The tavern was already crowded. Customers were standing around the bar and sitting squashed together on small, straight-backed wooden chairs that stood haphazardly around the black-painted tables. The smell of beer, broth, and heavy tobacco smoke dominated the air. The soup smell was not appetising, but then no food in Berlin public houses was tasty these days. The men were smoking roll-your-own cigarettes with terrible quality tobacco. Christian and Sperl found a table in a corner and sat with their backs to the wall, the kneipe spread out before them.
Christian tried to hear what the other customers were talking about. Prices seemed to be the main topic of conversation. In low murmurs, men exchanged black market prices and muttered about an exchange rate of 8 or 9 east-marks to one D-Mark. Someone claimed the D-mark was replacing cigarettes as the preferred method of payment. Someone else complained, “If they aren’t sending anything to the Western Sectors any more, why isn’t there more for us?”
The speaker was hushed up by his companions, who nervously looked over their shoulders. When one of them met Christian’s eyes, he whispered something in his friend’s ear, and abruptly they downed their beers, clunked the glasses on the table, and left.
At last Christian caught sight of Voigt in the door, but as he started to squeeze his way past the men at the bar, he was stopped by a young man with a hawkish face. “You’ll be at the rally, won’t you, comrade?”
“Of course, comrade!” Voigt answered, fingering his hat more submissively than he had ever saluted an officer.
“I’ll be watching for you!” the man replied in a menacing tone. Then with an artificial smile, he clapped Voigt on the back and turned to go. Voigt continued to where Sperl and Christian were sitting and sat with his back to the rest of the room. He opened the conversation with a nervous, “Didn’t you want anything to eat or drink?”

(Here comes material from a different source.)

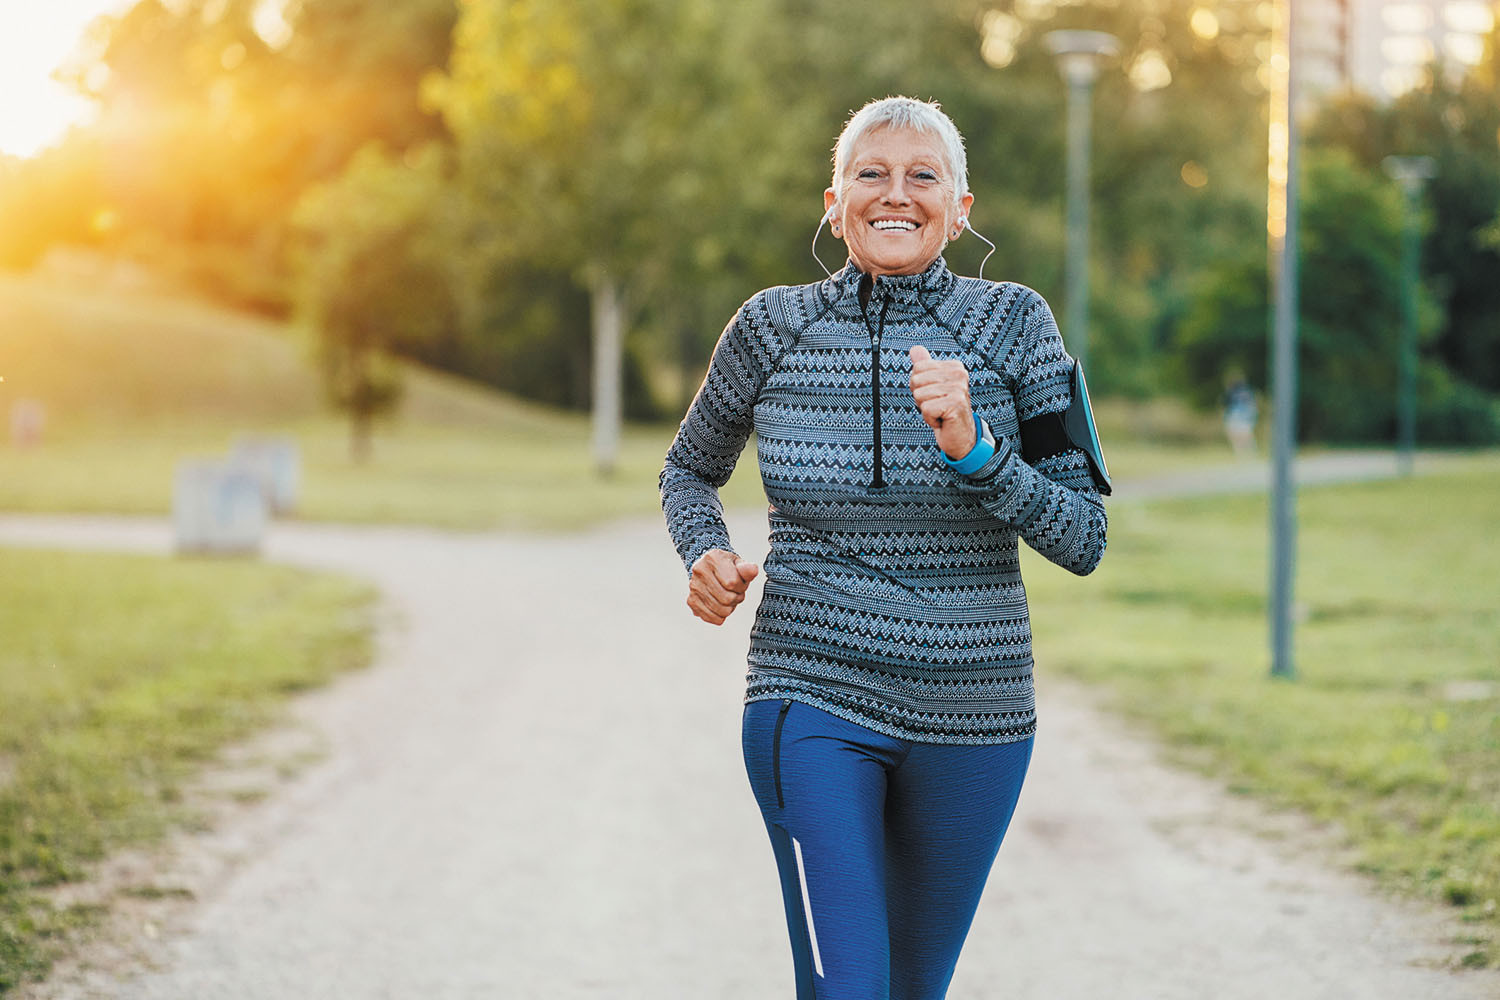 photo of a senior woman jogging in a park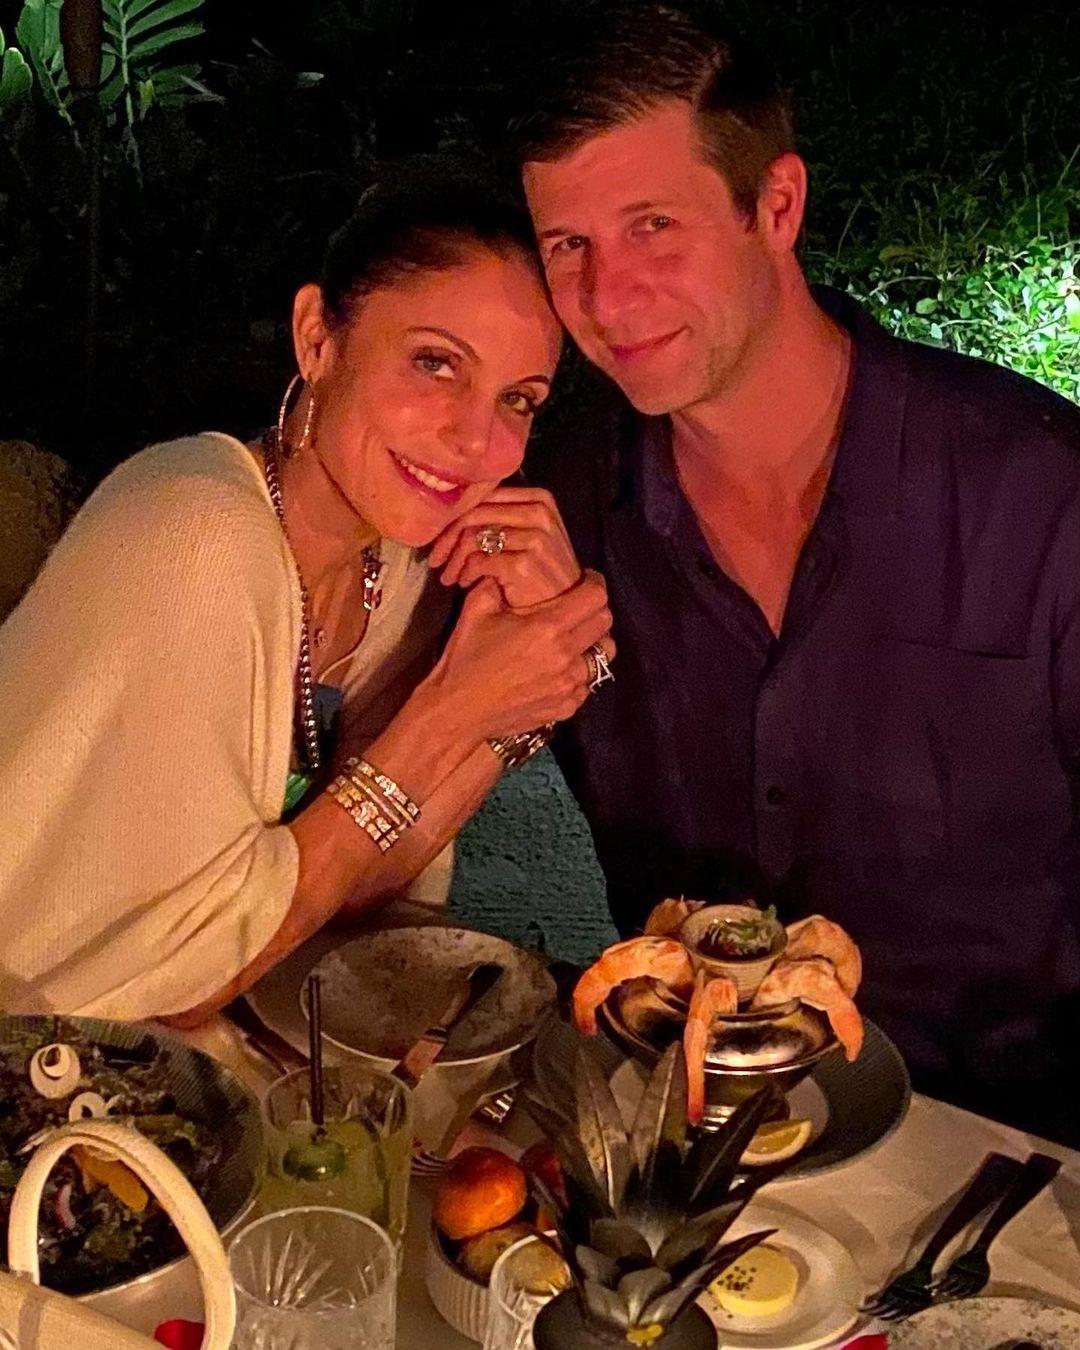 Bethenny Frankel Tells Her Engagement Story While Flaunting Her Massive Diamond Rock

“We wouldn’t mind a beer,” Sperl answered, slapping a couple of east marks on the table to pay for all three of them. Voigt took the money and went over to the bar. Christian eyed Sperl questioningly. “Men talk easier over alcohol,” Sperl explained.
Voigt returned with three murky-brown, watery beers with little foam. He set them on the table and sat down again. Looking earnestly at Christian he professed, “I thought you were dead, Herr Major.”
“Oh. You mean no one at the squadron heard about my survival?” Christian was surprised.
Voigt shook his head. “What happened?”
“Nothing miraculous. I was badly shot up by an American P-47 and took some shrapnel to the back of my head. The next thing I knew I was aboard a hospital ship in mid-Atlantic with two broken legs. The alarm was going off as we zig-zagged frantically to avoid being sunk by a U-boat.” He ended with a reproachful look at Sperl. That was the sanitised version, of course. In fact, after realizing he’d been badly shot up in the dogfight, he’d made the decision to crash-land at an American field. He’d consciously chosen imprisonment over fighting another day for Hitler and his thugs.
Sperl, meanwhile, was laughing. “So that’s why you developed such a strong dislike for our cute little boats. I note, however, the U-boat didn’t sink the hospital ship you were on.”
“No, I told the Americans to turn the damn sirens off because no officer of the Kriegsmarine would sink a ship with large red-crosses on it — only to learn that some U-Boat captain had done exactly that the week before. It was very embarrassing.”
Voigt was looking from one to the other confused.
“Herr Meyer has a past — as do we all,” Christian explained, adding, “But I came to talk to you about the future.”
“Future? What’s that?” Voigt snapped back with withering bitterness.
“Tomorrow and tomorrow and tomorrow — and the day after,” Christian answered.
Voigt leaned so close to Christian that he could not really be heard; his words seemed only to form in Christian’s head from lip reading. “Eating SED shit for breakfast, lunch and dinner so I can get the morphine my mother needs.”
“What happened to your mother?” Christian asked.
“She was caught under a beam when the ceiling collapsed at the armaments factory where she had been conscripted. It broke her back and hips. She’s crippled and in constant pain — unless I can get her morphine. Do you know what morphine costs?”
Christian shook his head slowly. “Not a clue.”
“Well,” Voigt answered in a low, even voice like molten lava, “enough morphine to keep my mother pain-free for a week, costs more than a man like me, working in a Peoples’ Own Factory producing gearboxes, can earn in a month. Which means my mother can have one week of relief and then lie in agony for the next three while I beg for my dinner — or I can earn a little extra by showing up at SED rallies, helping to trash voting booths, beating up students that say the wrong thing, making sure scientists and engineers are dragged from their beds at night to be shipped to the Worker’s Paradise or—” with a glance at Sperl he added “digging around in forgotten mass graves for baubles that appeal to our American friends.”
Both Christian and Sperl responded with silence. The pain, the bitterness and the helplessness burned like acid.